The only positive thing about this device is being able to compost in cold climates. If I lived in a warmer climate, I would definitely not recommend this device. Also each composter, has a manufactured date on it. If it is manufactured before 2011, you probably want to be on the lookout for my first two issues.
Thanks for the review.
There is always cheap stakes (outdoors, dirty with worms, even indoors still has worms you have to look after) and those that generally complain (we have an unused mill sitting here, I nitpick because I can.. and could afford to burn up $300 and have it sitting here unused, typical Eco Freak).
I just wanted to know if the thing worked and it does. For installation in a kitchen this would be perfect behind some very modern and stylish Scandinavian or German cabinets I had in mind.
Again thank you for the review.
I've have two of these for a couple of years. I stopped using them for about 12 months after our condo building implemented organics recycling, but recently restarted both machines as I am running low on compost for my balcony garden.

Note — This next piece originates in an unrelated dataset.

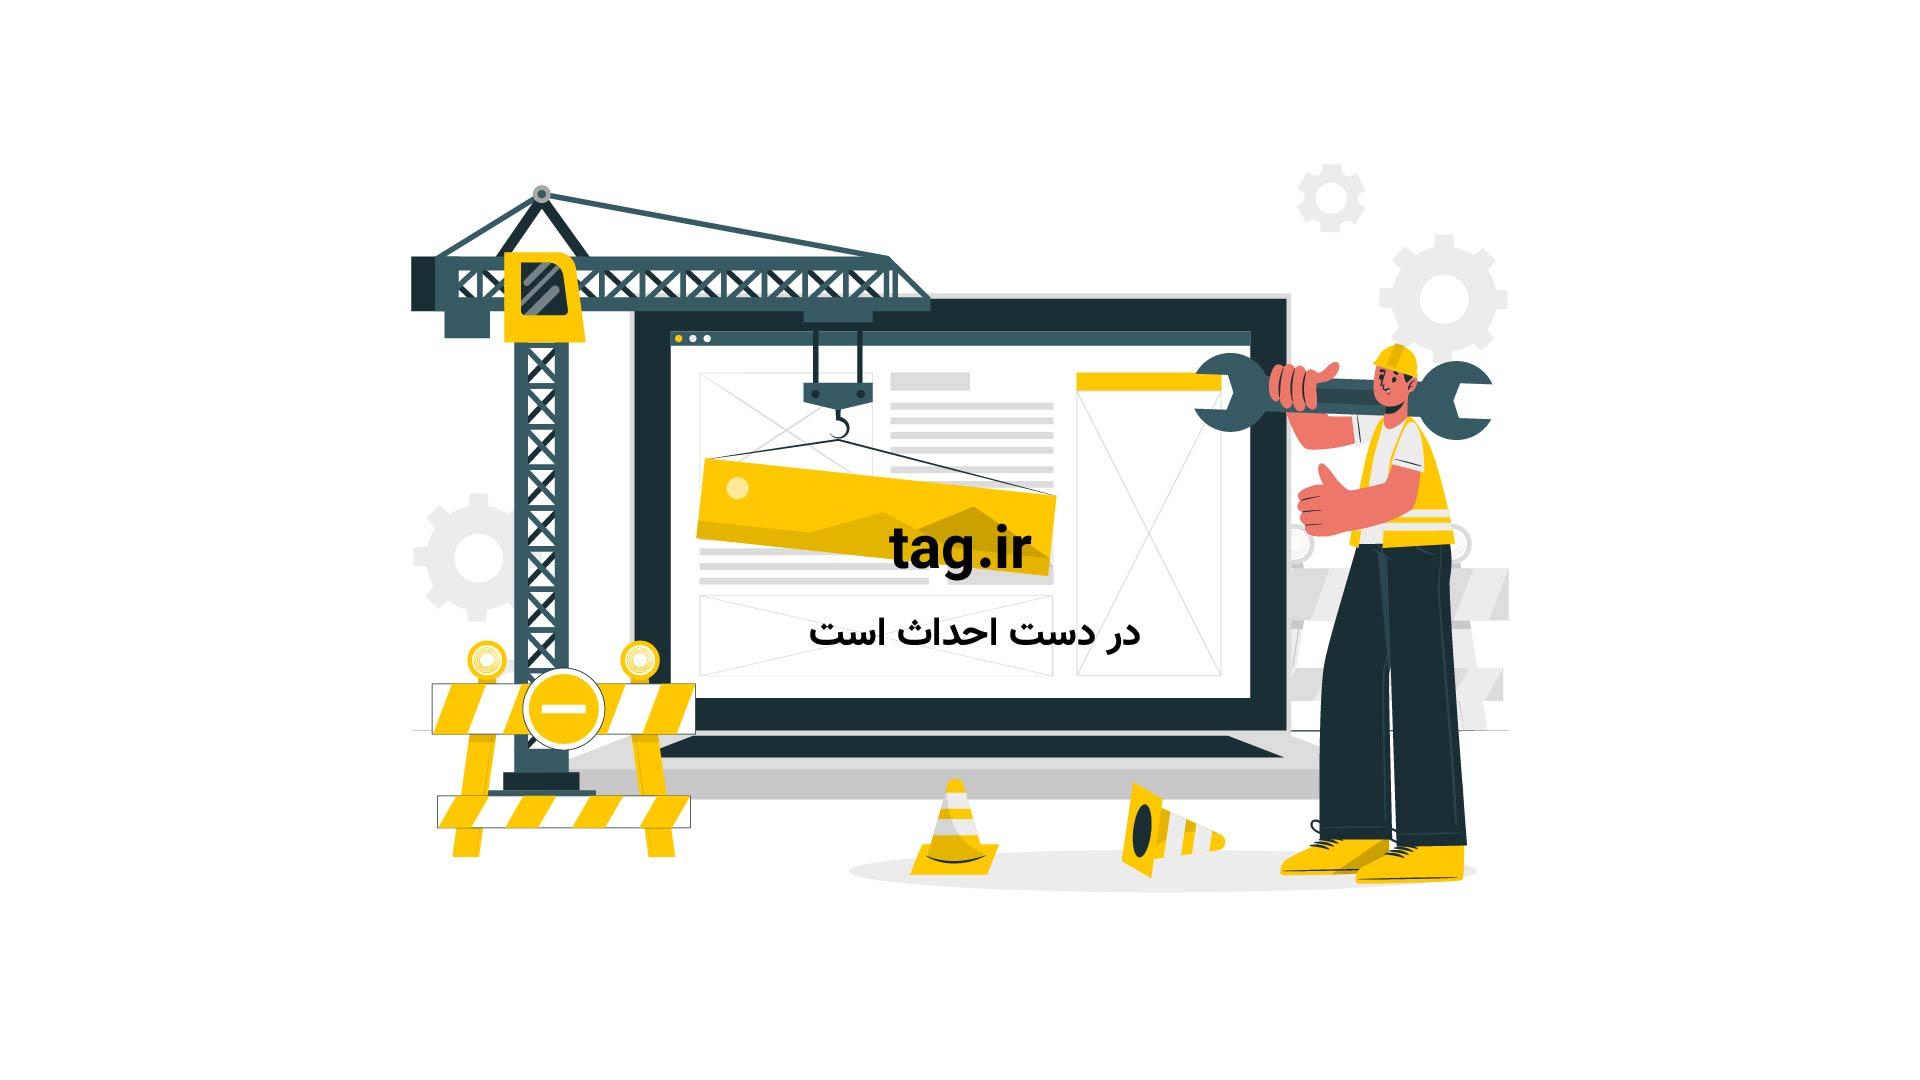 ماشین خط کشی جاده و خیابان   فیلم

My experience from from first year of usage was that not everything composts easily. I was doing a lot of experimentation (e.g. using shredded newspaper for the browns) and sometimes things didn't work out well (e.g. jams, smells, etc.)
After stopping for a year and then restarting the NatureMills again, below are my learning points:
1. Go to Walmart and buy the 20 lb bags of pine pellets. Skip the home-made "brown" materials. You end up with better compost. Coffee grinds do NOT count as browns (they are 20:1 carbon:nitrogen, below the 30:1 threshold). If you don't use enough browns (and baking soda), the compost process becomes too wet and smells.
2. Follow the directions 100%. No bones, no citrus peels, nothing overly adventurous. In this case, being less adventurous will save you lots of aggravation. Luckily, my building has organic composting so I just recycle those items there.
3. Cut food items into as small pieces as possible. I rarely have pieces above 2".
4. To avoid smelling up the kitchen, collect scraps in a bin and only do once every few days. No need to keep opening and closing the lid.
5. That said, the slides of the mixing chamber requires to be scrapped down periodically as the mixing bars are overly effective in mixing the entire contents.
Good luck!
Run away. This thing is stinky no matter what you do or they say. And they will not take them back. We compost all the time outdoors and have never had a composter get this stinky. This is a piece of over priced junk! I would never put this thing in a kitchen cabinet.
It works pretty well. follow the instructions. Don't add broccoli (it does not smell good). You will see that others have discovered this fact as well. If you just put the recommended foods in, it smells nice actually.
I've been researching these and just wanted to share that NatureMill came out with the third generation in January 2012. It is called the eco-series and they have the three models, Neo, Metro, and Ultra.